Cannabis is currently considered illegal under the federal Controlled Substances Act. Therefore, financial institutions providing banking services to legitimate and licensed marijuana businesses are subject to criminal prosecution.
According to a statement from the office of Congressman Ed Perlmutter, D-Colorado, since state and federal law are not aligned on the issue, legal and legitimate businesses are forced to operate on a cash-only basis, creating a serious public safety risk for employees, businesses, and communities as well as providing an opportunity for tax evasion, money laundering, and other white-collar crimes. The SAFE Banking Act is seen as the first of many cannabis reform measures, his office said.
With 152 cosponsors at the time of the committee vote—over a third of the entire House—the bill will next move to the floor of the House. A Senate companion bill is also expected to be introduced in the coming weeks.
"Government regulators have deemed cannabis business owners to have certain reputational risks.… Allowing these businesses access to the safety of our American financial institutions minimizes risk for owners and enhances our national security," said Congressman Warren Davidson, R-Ohio.
A draft version of the SAFE Banking Act was discussed during the first-ever congressional hearing about cannabis banking on February 13, 2019. Compared to previous iterations of the bill, the SAFE Banking Act of 2019 adds protection for ancillary businesses like real estate owners, accountants, and other vendors from money laundering and other laws as well as adjusts the tribal language and the definition of "cannabis-related legitimate business." The final version of H.R. 1595, voted on in committee, also includes two provisions aimed at expanding access to financial services for minority-owned and women-owned cannabis-related businesses.

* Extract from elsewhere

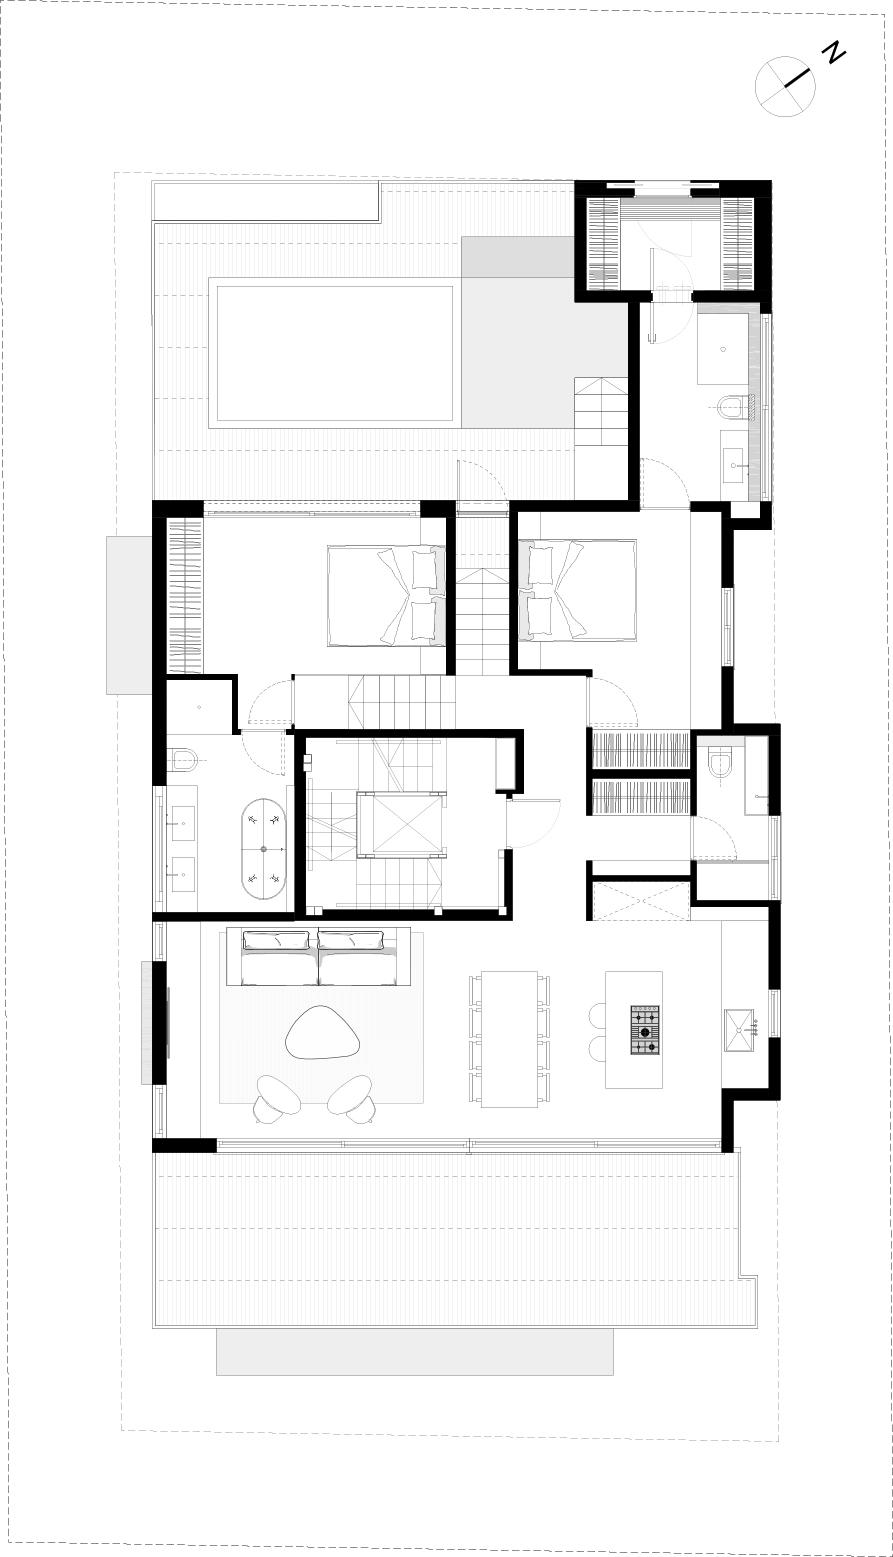 Biron Plan Floor 5.jpg

Cannabis and Captive Insurance
There are few, if any, cannabis captives licensed in the United States. This stems mainly from the fact that cannabis use/ownership/distribution is illegal at the federal level due to its classification as a Schedule I substance under the Controlled Substances Act of 1970. Simply put, financial institutions face significant risk for violating federal law if they offer banking services to marijuana-related businesses, according to the American Bankers Association. Ostensibly, this is something most captive regulators in the United States would rather not deal with.

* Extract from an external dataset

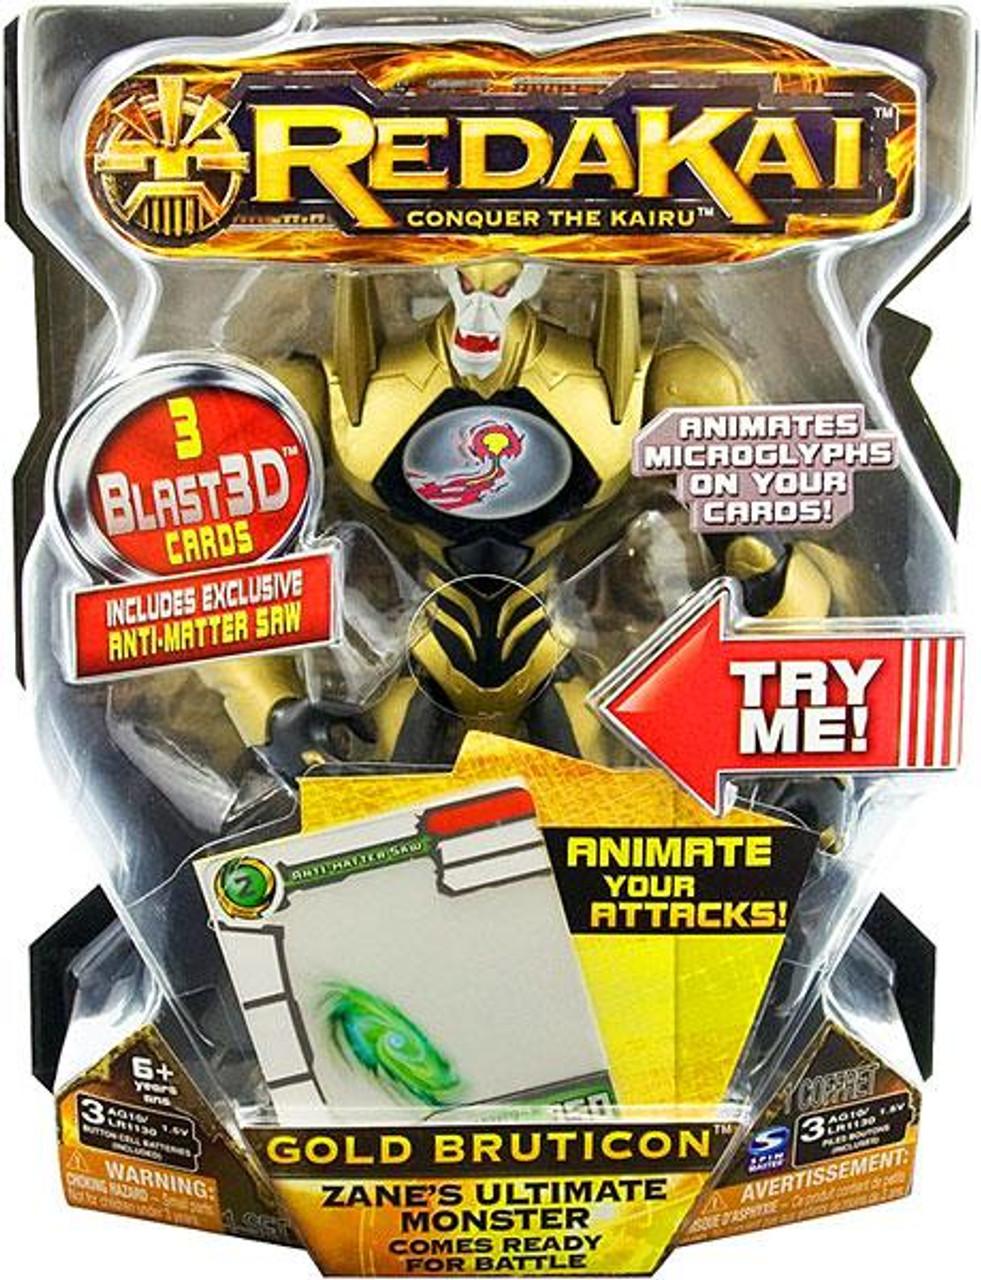 Redakai Deluxe Gold Bruticon Action Figure

On a recent panel at the Captive Insurance Companies Association Conference, David Provost, Vermont's top captive regulator, said the "SAFE Banking Act might open doors for captives insuring cannabis."
On the same panel, Nancy Gray, regional managing director Americas, Aon Insurance Managers—Vermont said, "Captives have a long history of responding to emerging risks where you can't purchase insurance in the traditional marketplace." She doesn’t believe that the cannabis industry and some of its coverage needs are any different, and she expects if Aon were to proceed with a cannabis captive, it would be offshore.
Mr. Provost added, "Once cannabis becomes legal or taken off Schedule I, the traditional market will step in, and maybe there won't be a need for captives. Right now, the cannabis business is just cut out of normal [insurance] policies with [policy] exclusions, just erase the exclusions and you're done."